## Required work
Copy the listing below exactly. Pictures stay out of it.

## Dataset extract
----
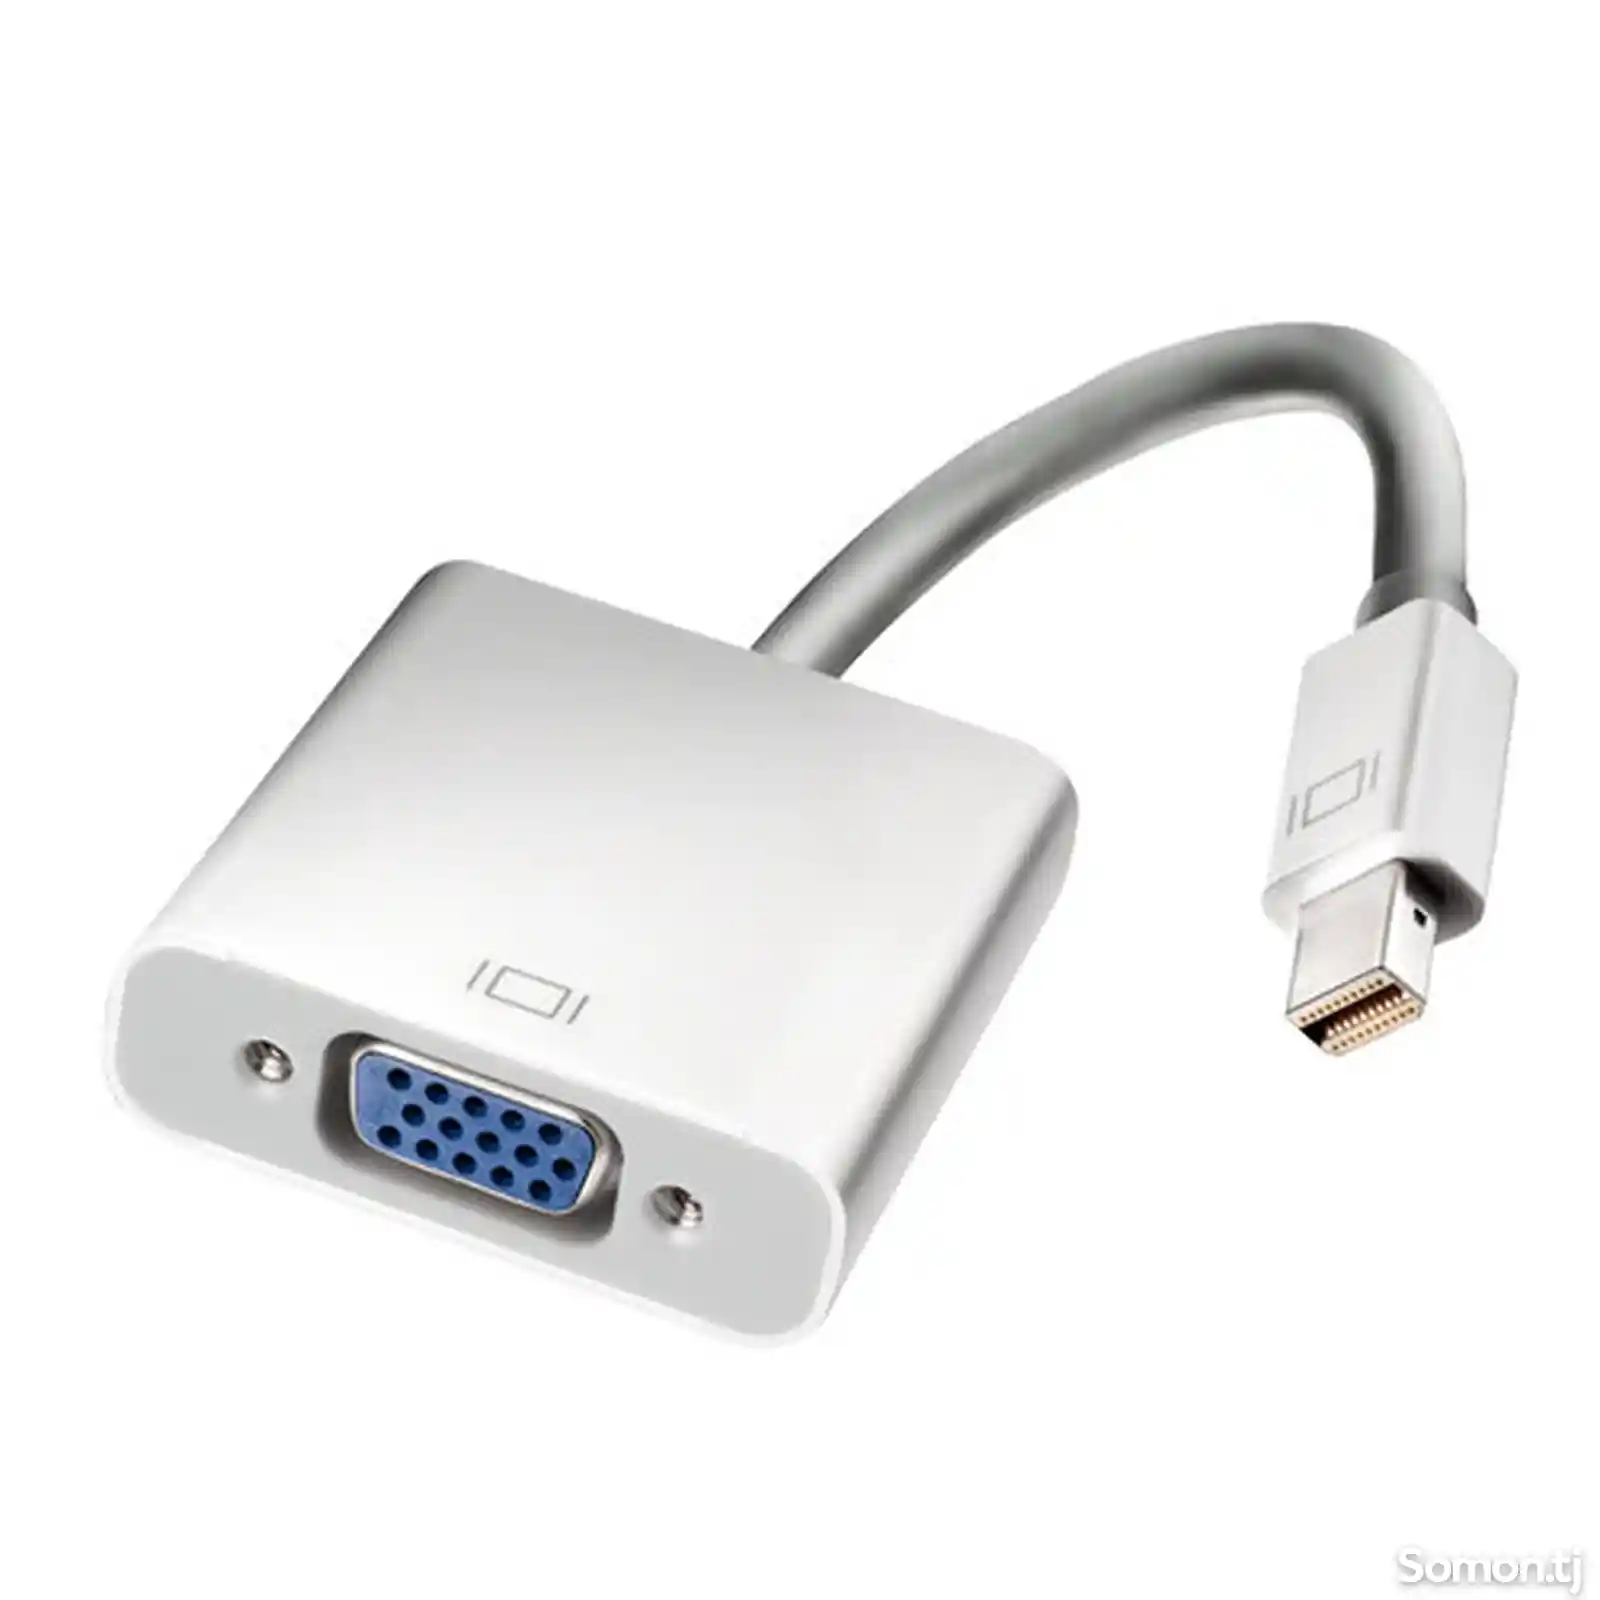 Переходник mini DisplayPort to VGA для macbook ноутбуков - VGA-11
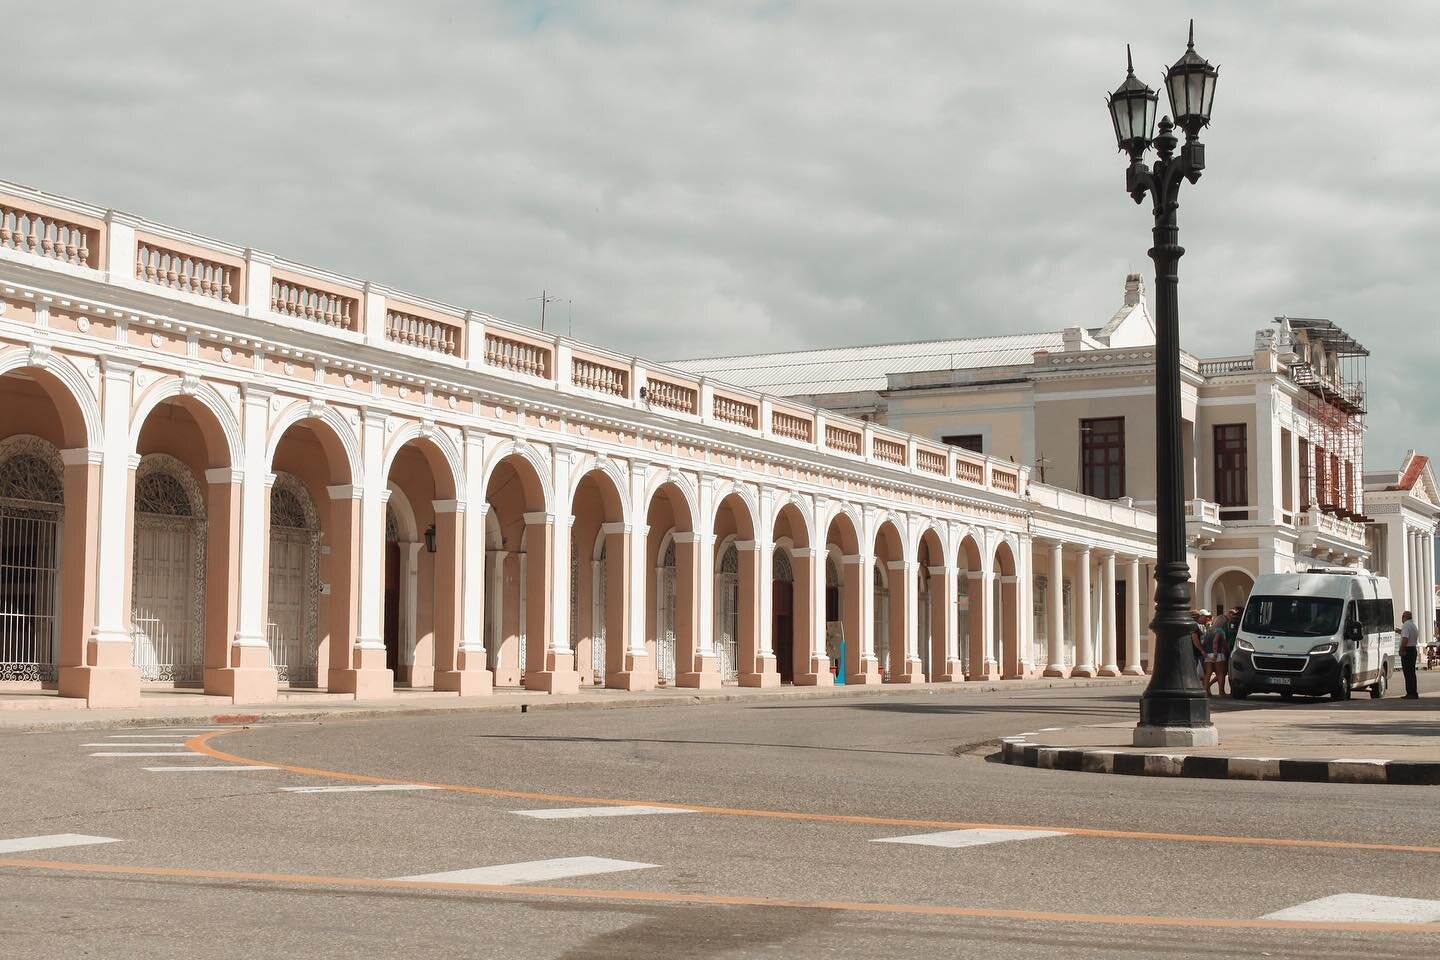 Centre of Cienfuegos, Cuba, 2018 🇨🇺
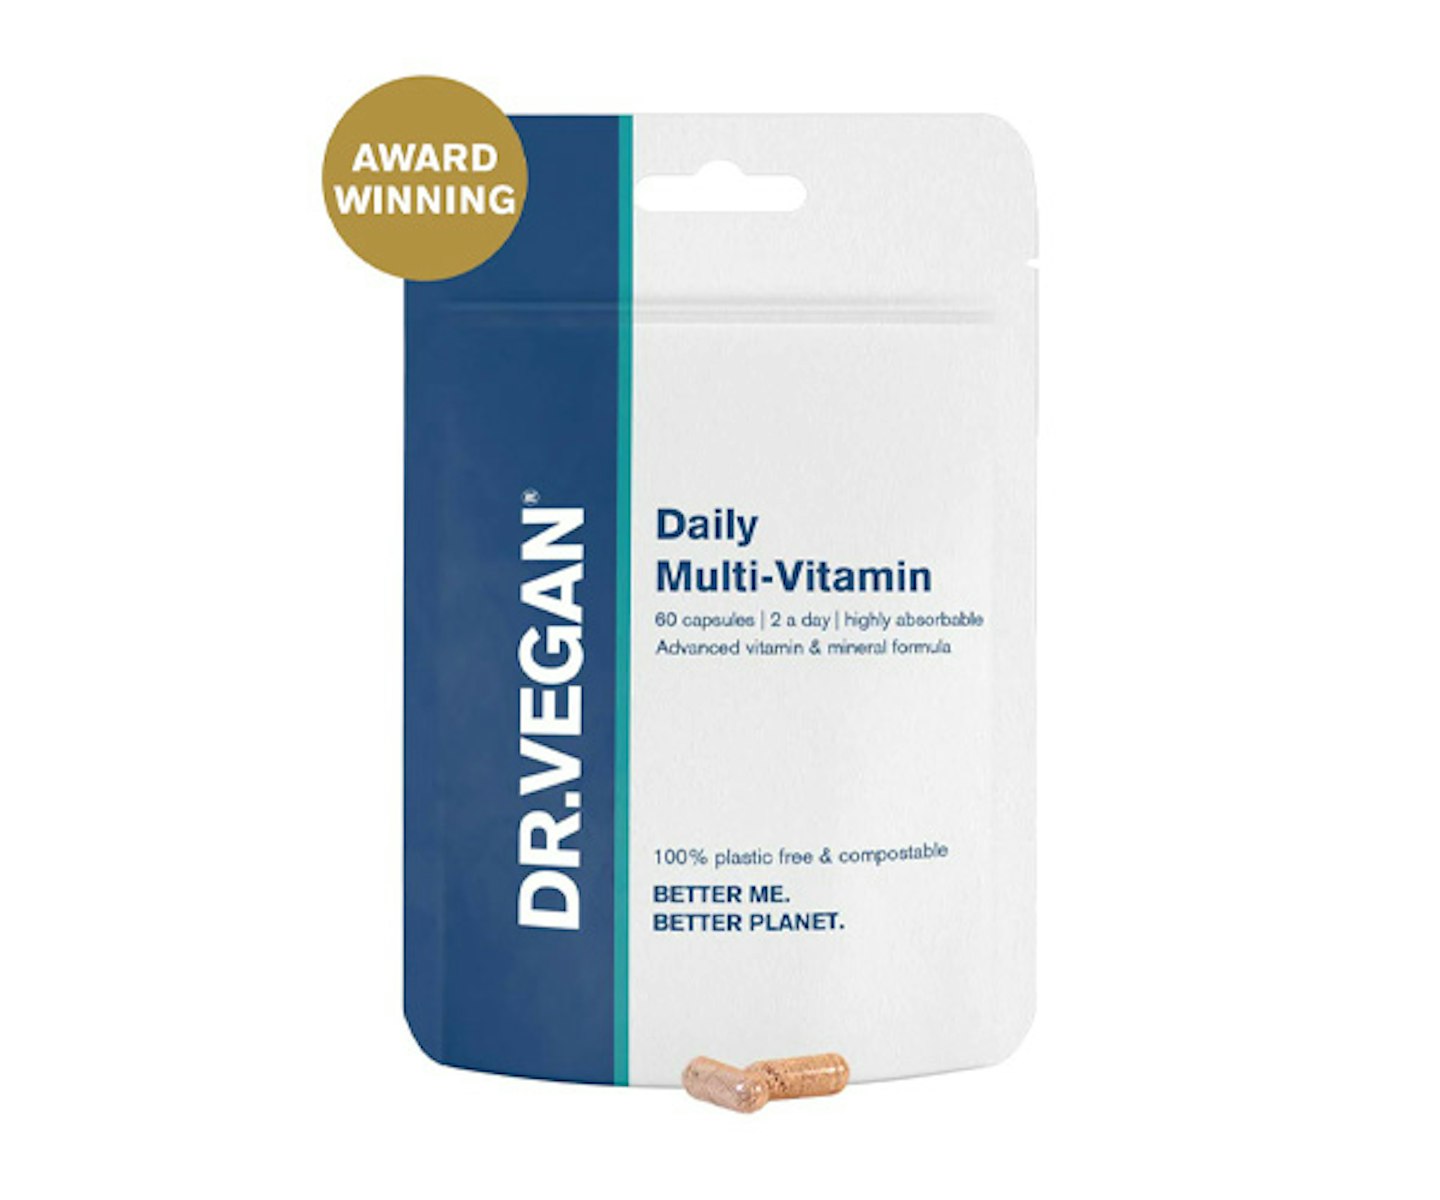 Daily Multi-Vitamin
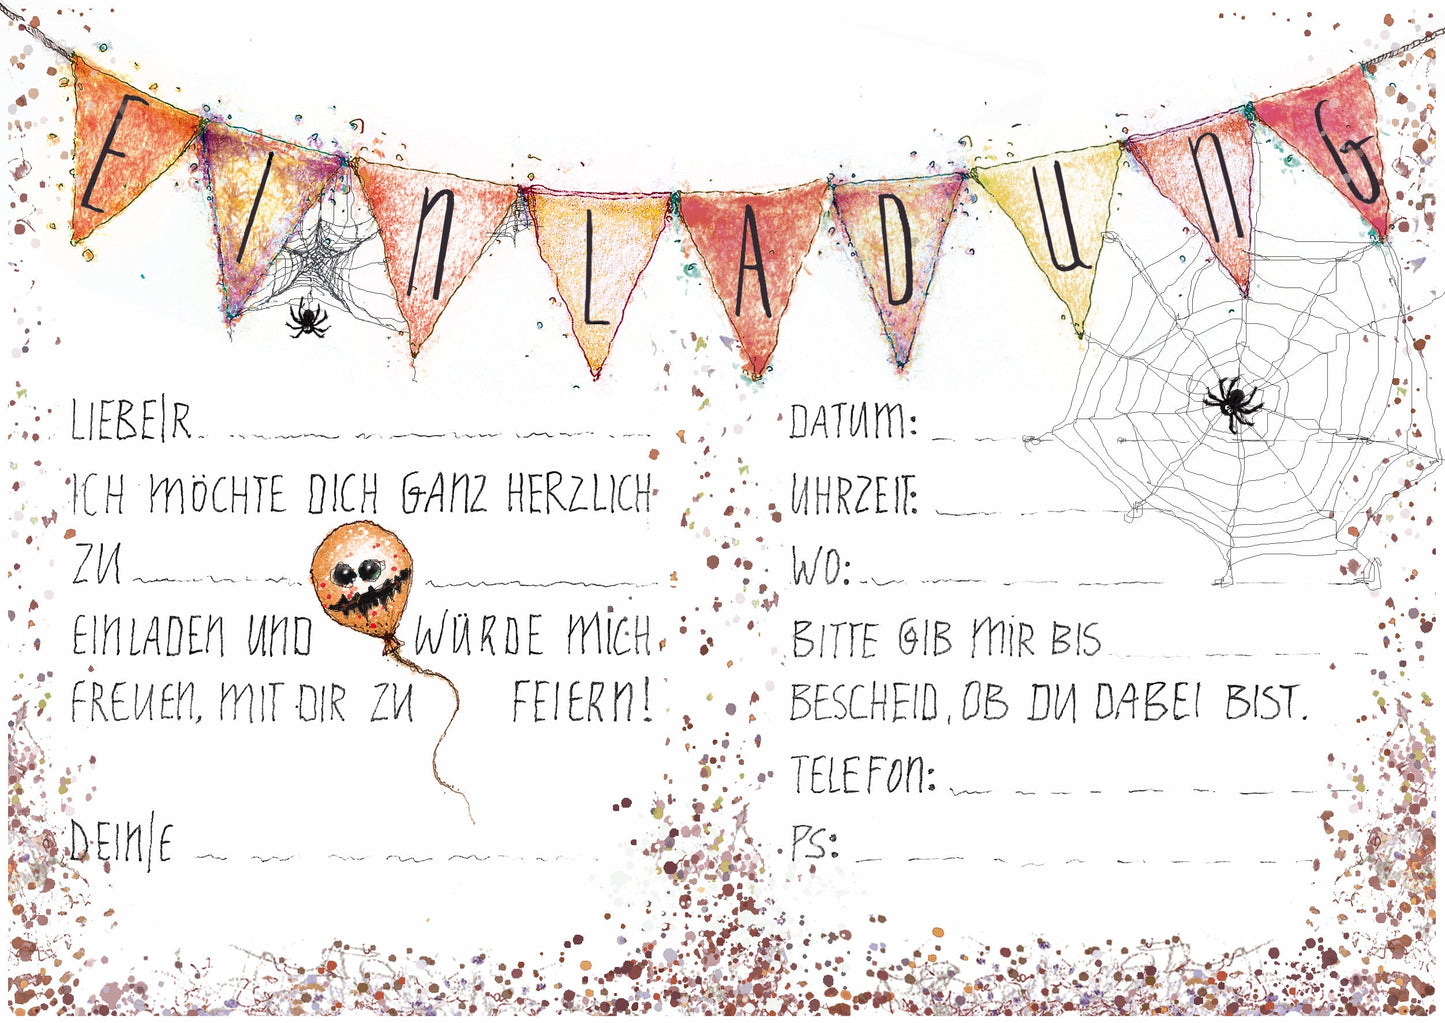 Halloweenparty Einladung | Kürbis Einladung | Pumpkin | Einladung Halloween | A6 Klappkarte mit Einladungstext
----
## Exercise output
 Переходник mini DisplayPort to VGA для macbook ноутбуков - VGA-11
 Centre of Cienfuegos, Cuba, 2018 🇨🇺
 Daily Multi-Vitamin
 Halloweenparty Einladung | Kürbis Einladung | Pumpkin | Einladung Halloween | A6 Klappkarte mit Einladungstext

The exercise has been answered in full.